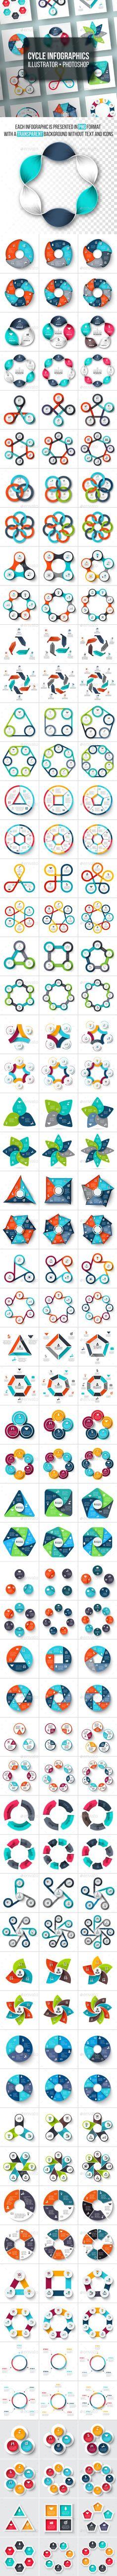 15 Best Color Palette Images Infographic Palette Brand
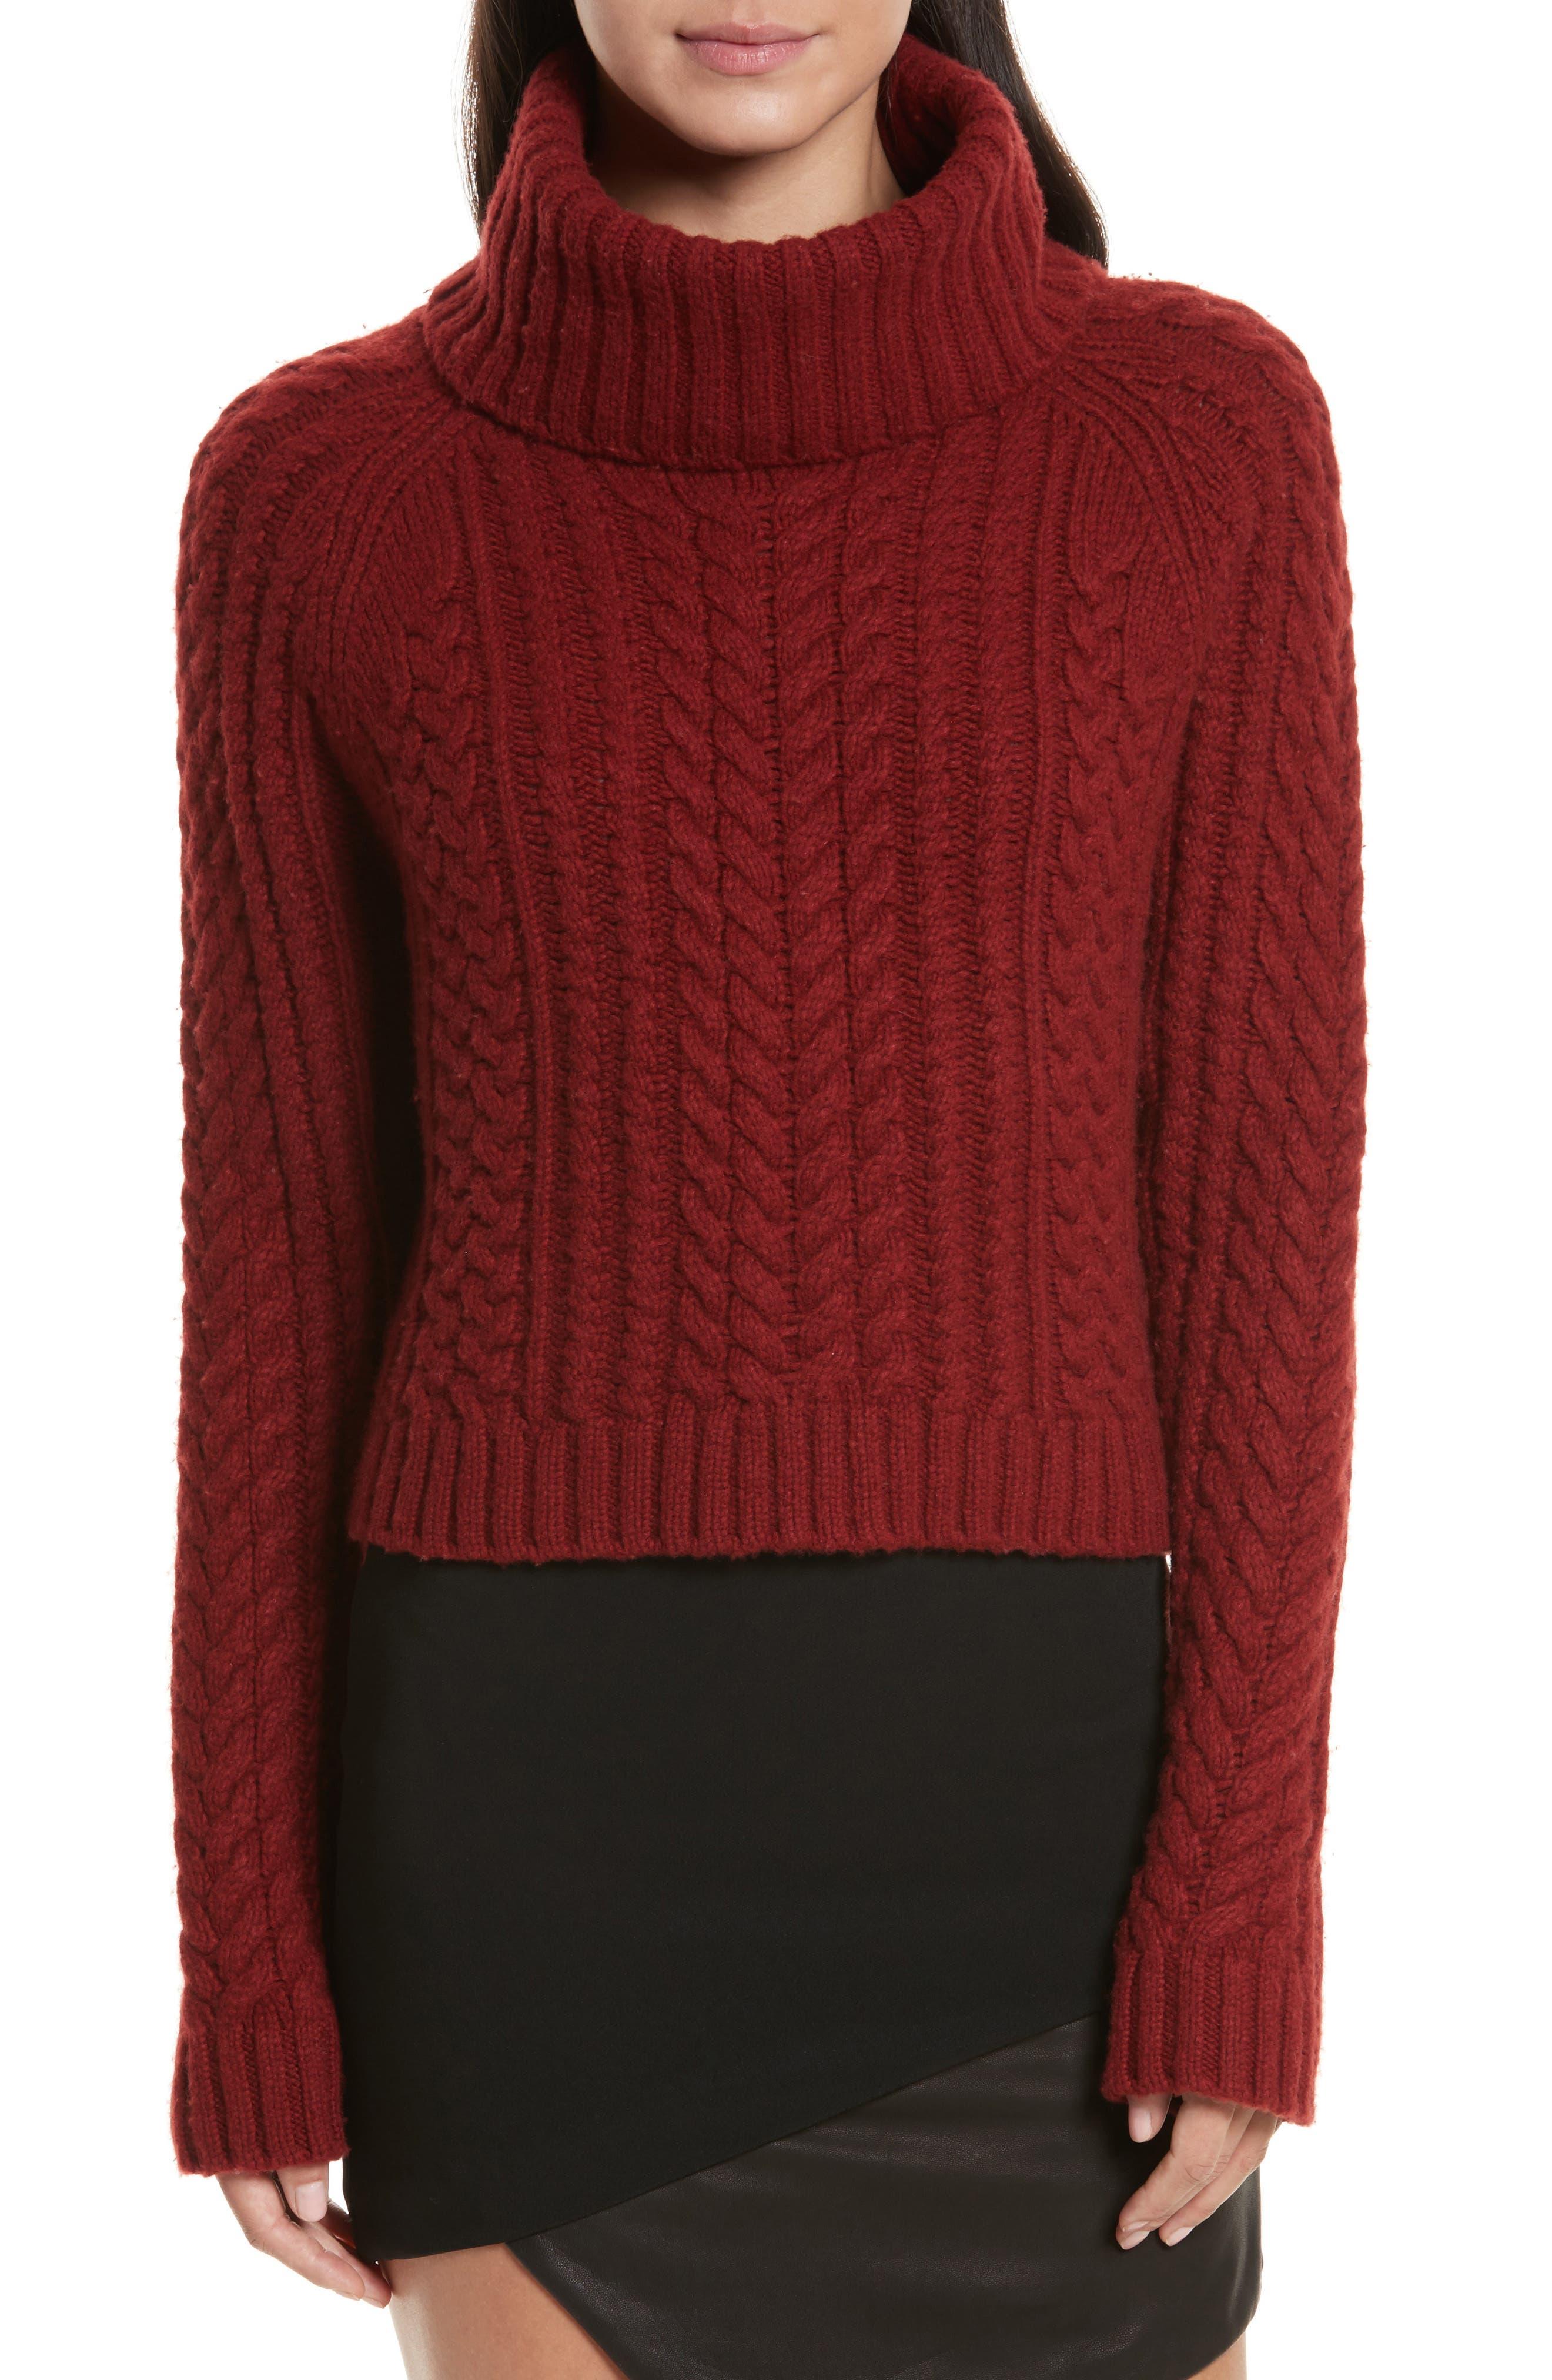 Main Image - Alice + Olivia Tobin Cable Knit Crop Turtleneck Sweater
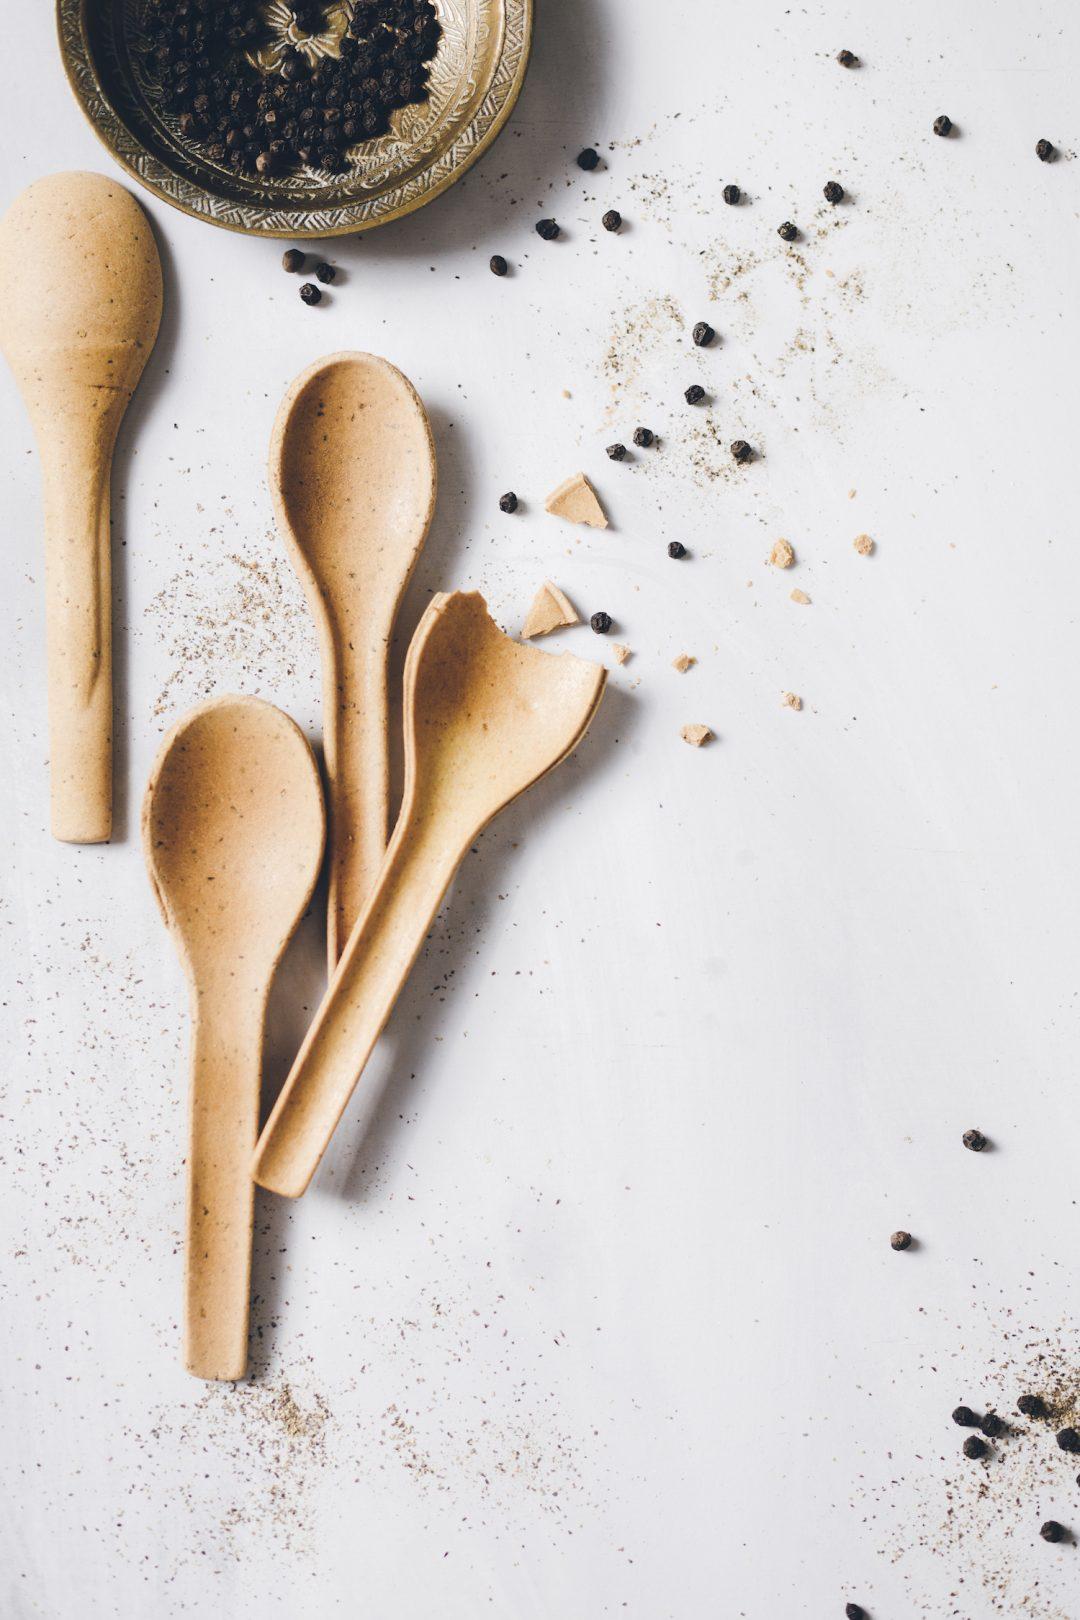 incrEDIBLE spoons

What the exercise asks =
Give back the whole listing exactly as it stands. Drop every picture.

Exercise answer =
 15 Best Color Palette Images Infographic Palette Brand
 Main Image - Alice + Olivia Tobin Cable Knit Crop Turtleneck Sweater
 incrEDIBLE spoons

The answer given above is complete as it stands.